• [YOUR GOAL] An exact repetition of the data is required; no picture should appear in it.

• [PROVIDED DATA]
—————
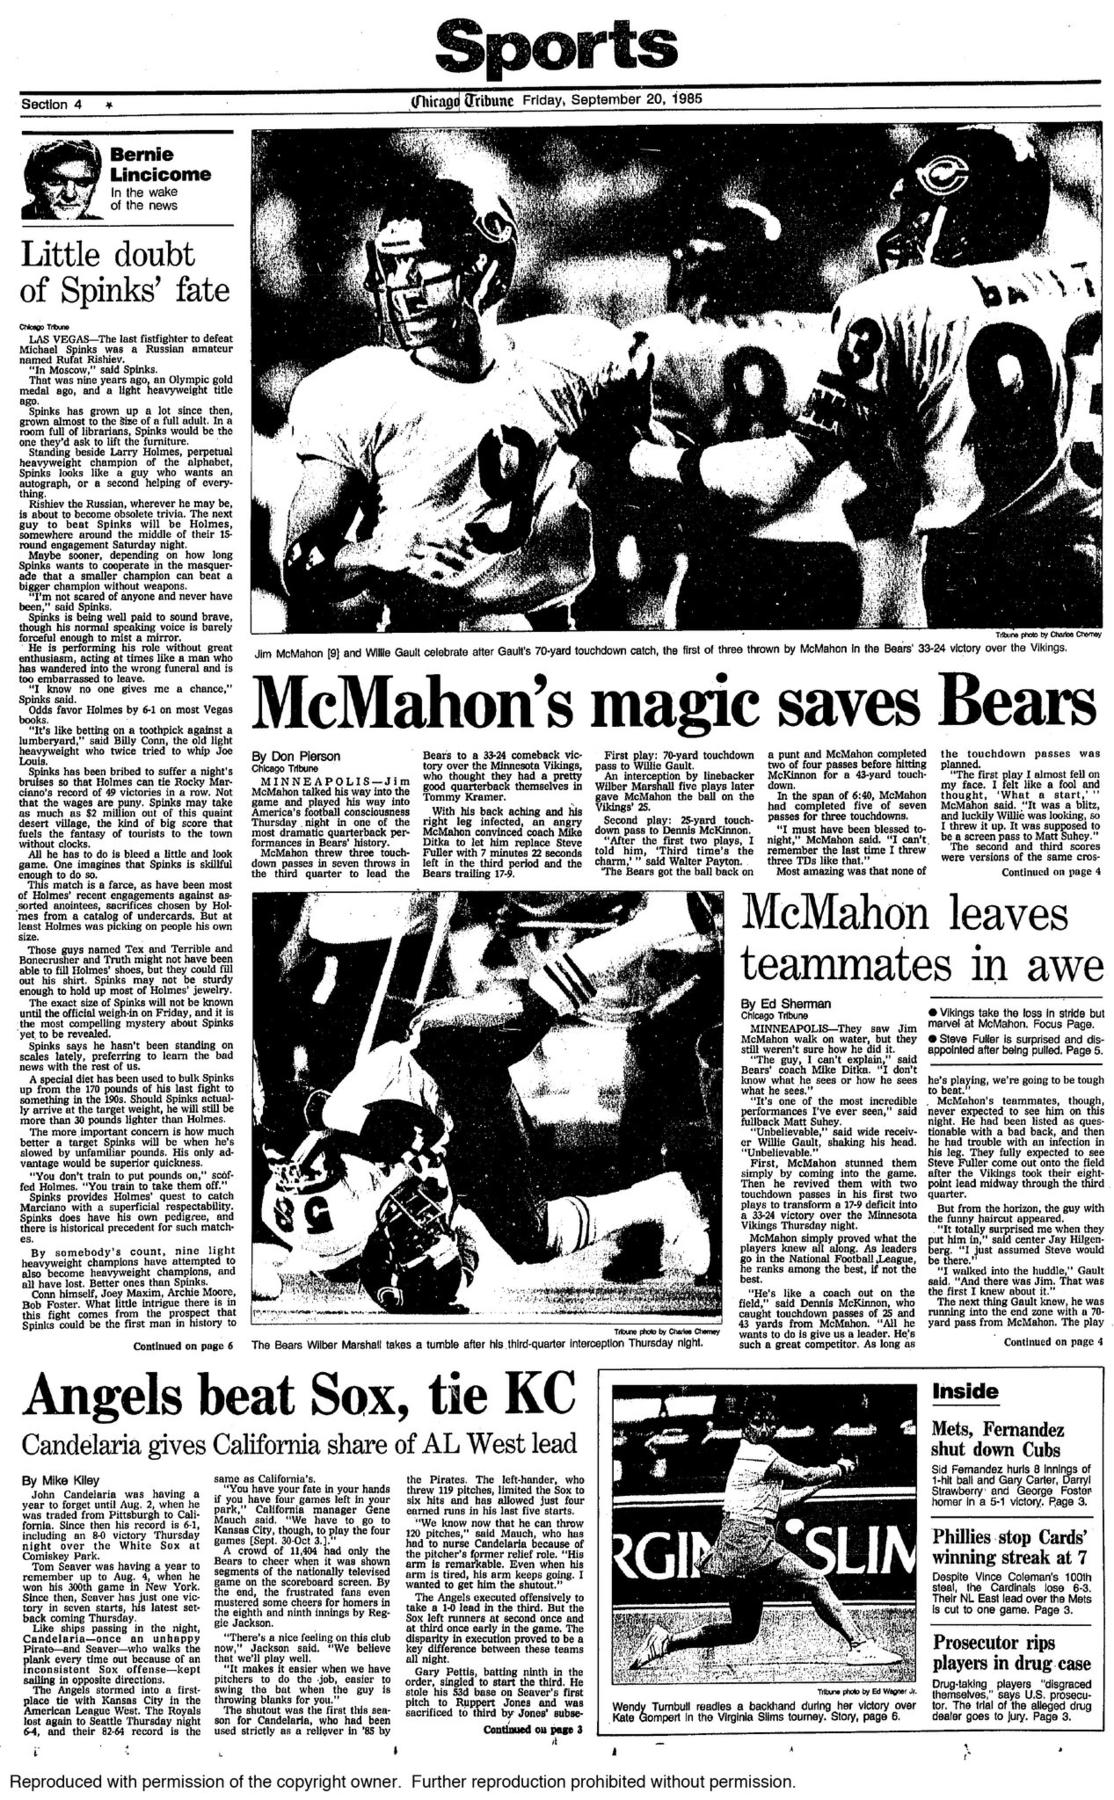 Sept. 19, 1985: McMahon's Minnesota Miracle
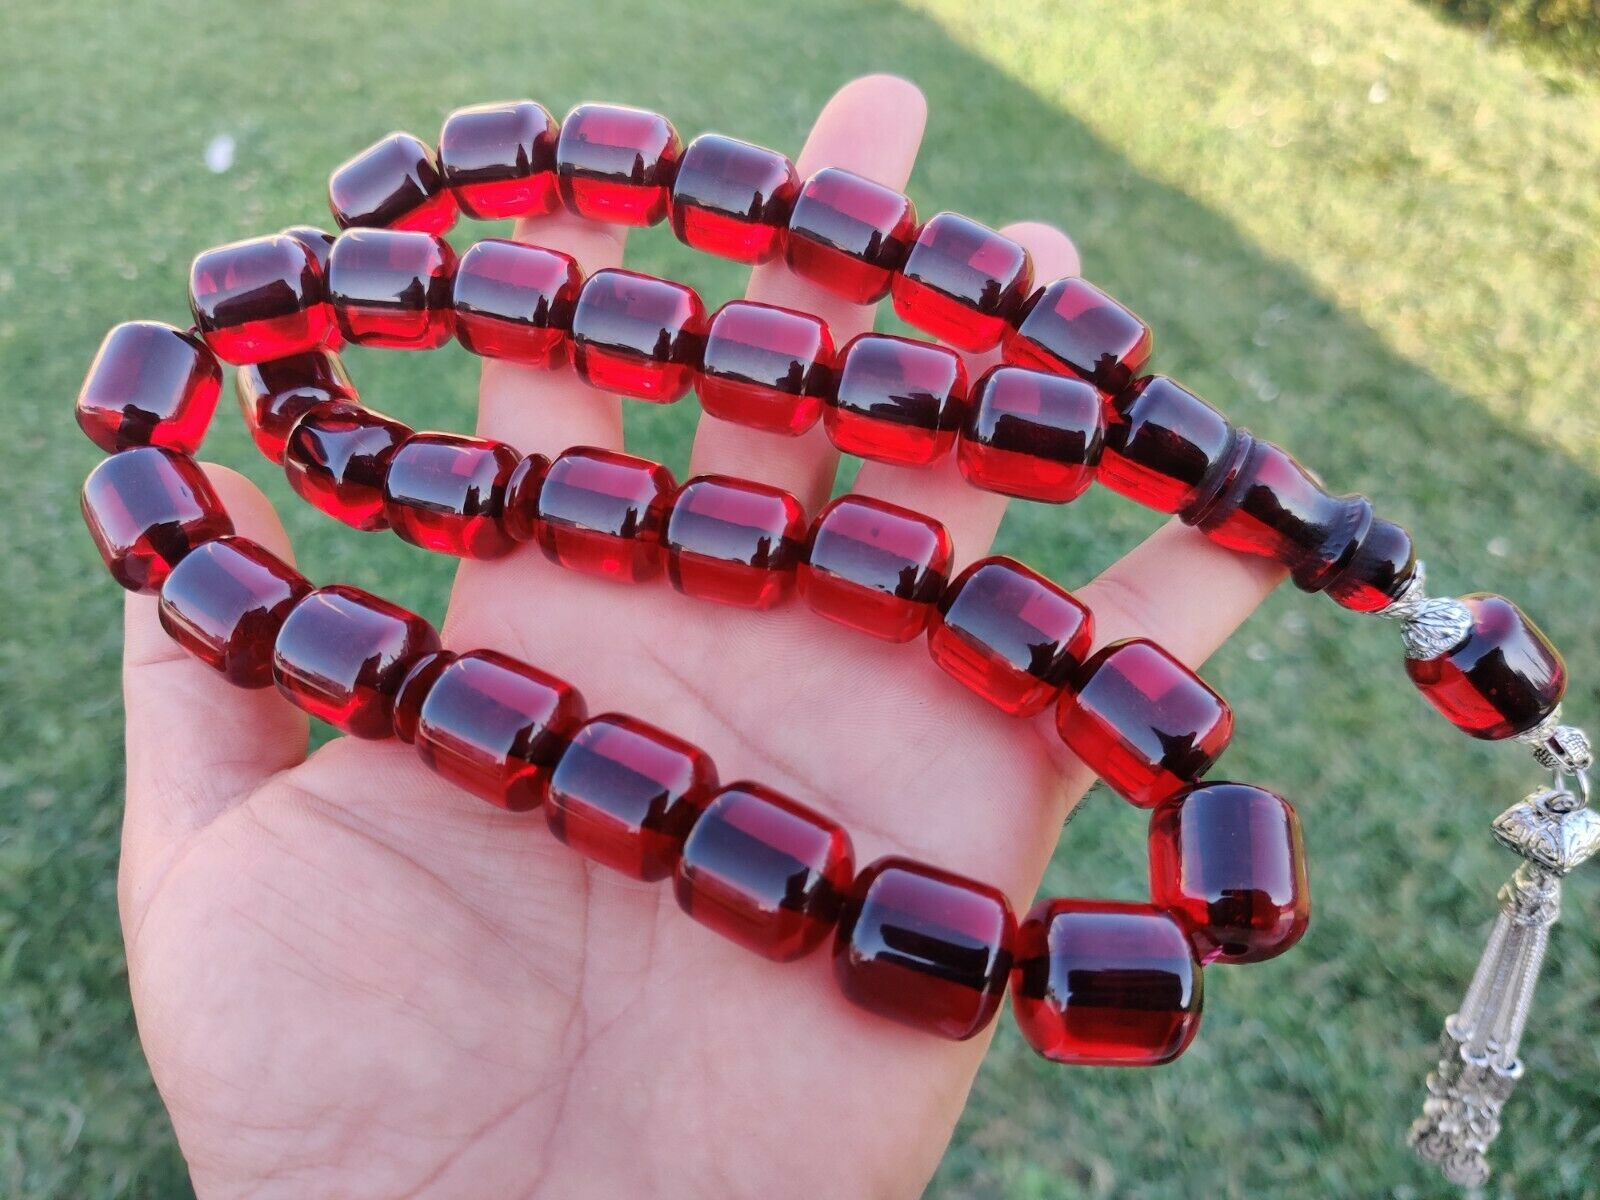 Ottoman Faturan German Amber Sandalous Misbaha Prayer Beads Islamic Gift Tasbih Tasbeeh Tasbeh Rosary Tasbih # 21C
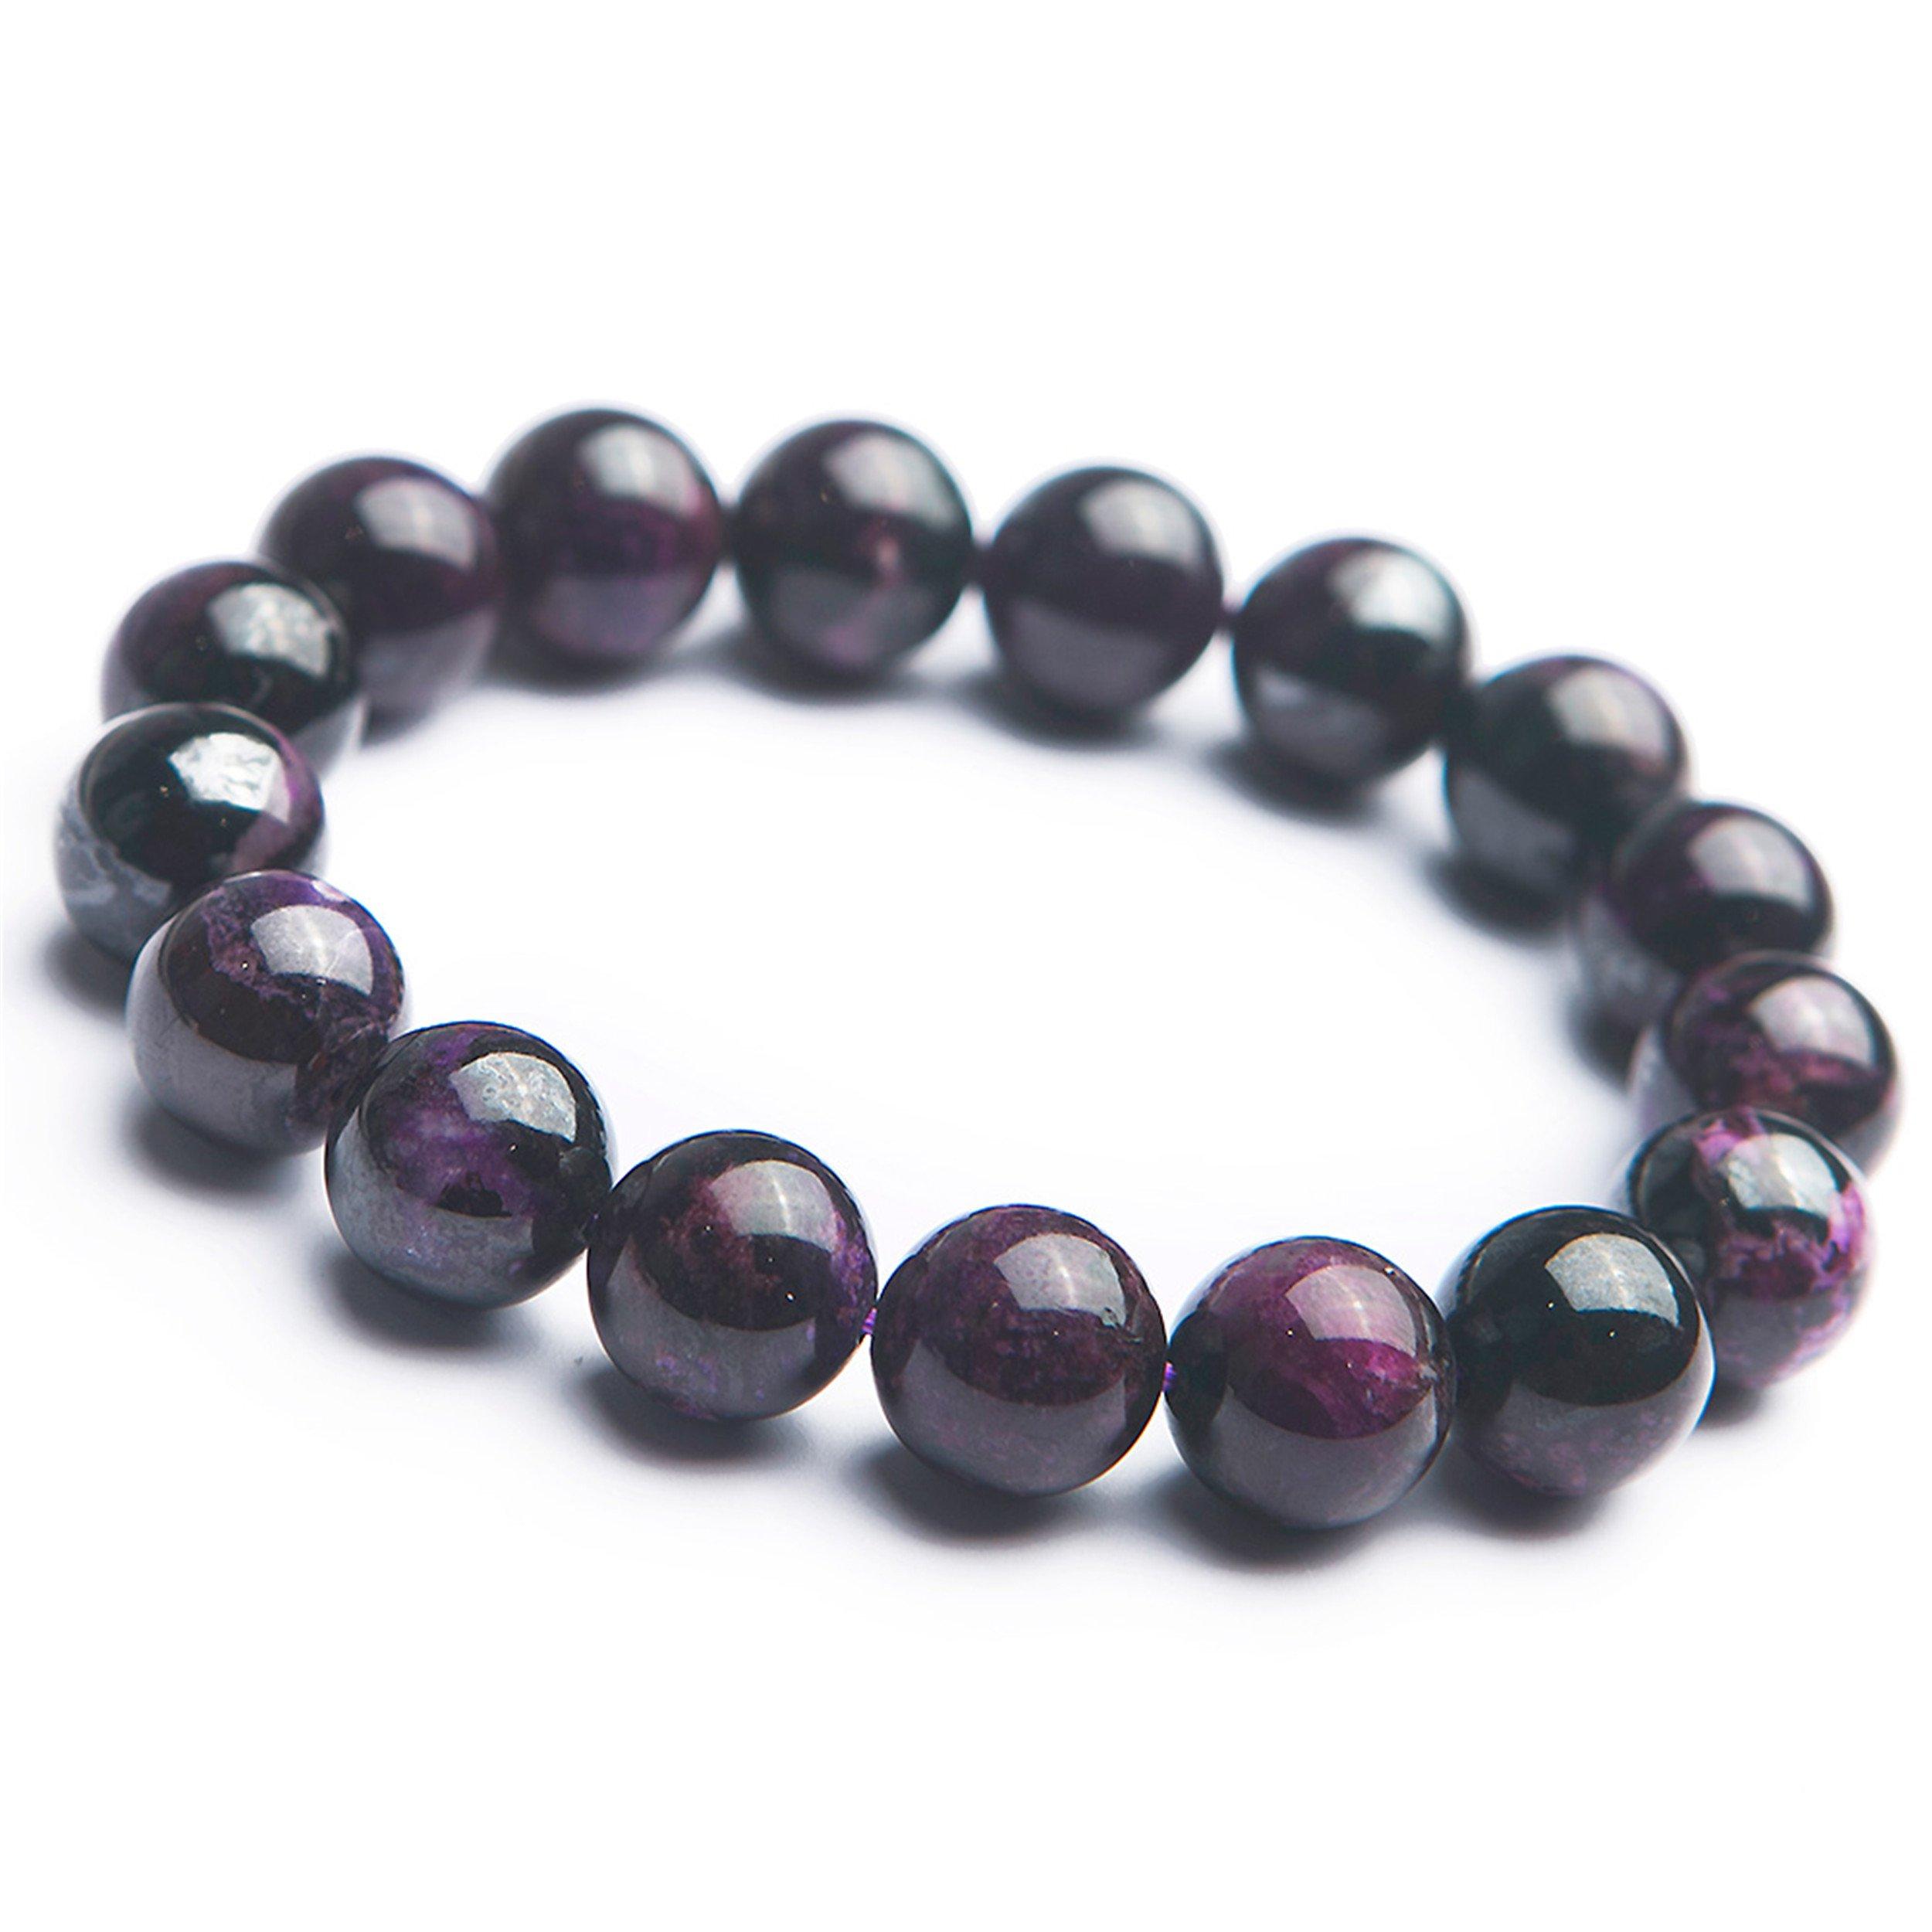 12.5mm Purple Natural Sugilite Gemstone Round Crystal Bead Stretch Bracelet
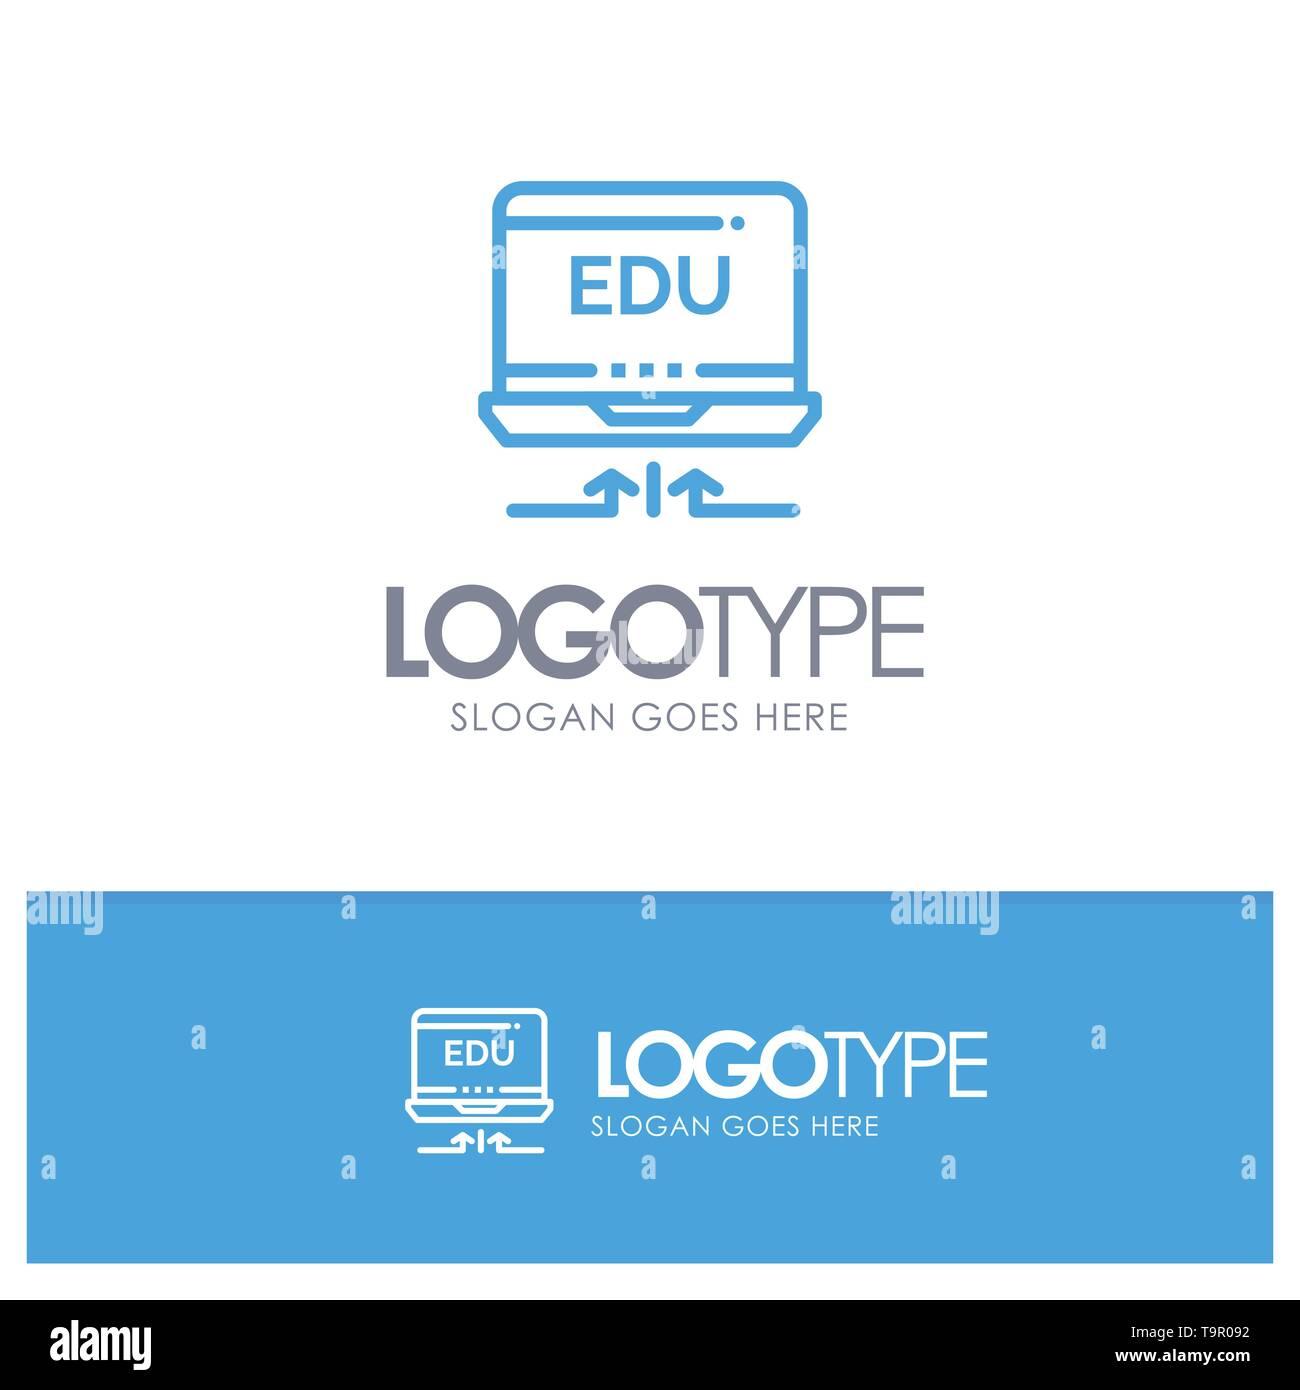 Laptop, Hardware, Arrow, Education Blue Logo Line Style - Stock Image
—————
• [ANSWER AREA]
 Sept. 19, 1985: McMahon's Minnesota Miracle
 Ottoman Faturan German Amber Sandalous Misbaha Prayer Beads Islamic Gift Tasbih Tasbeeh Tasbeh Rosary Tasbih # 21C
 12.5mm Purple Natural Sugilite Gemstone Round Crystal Bead Stretch Bracelet
 Laptop, Hardware, Arrow, Education Blue Logo Line Style - Stock Image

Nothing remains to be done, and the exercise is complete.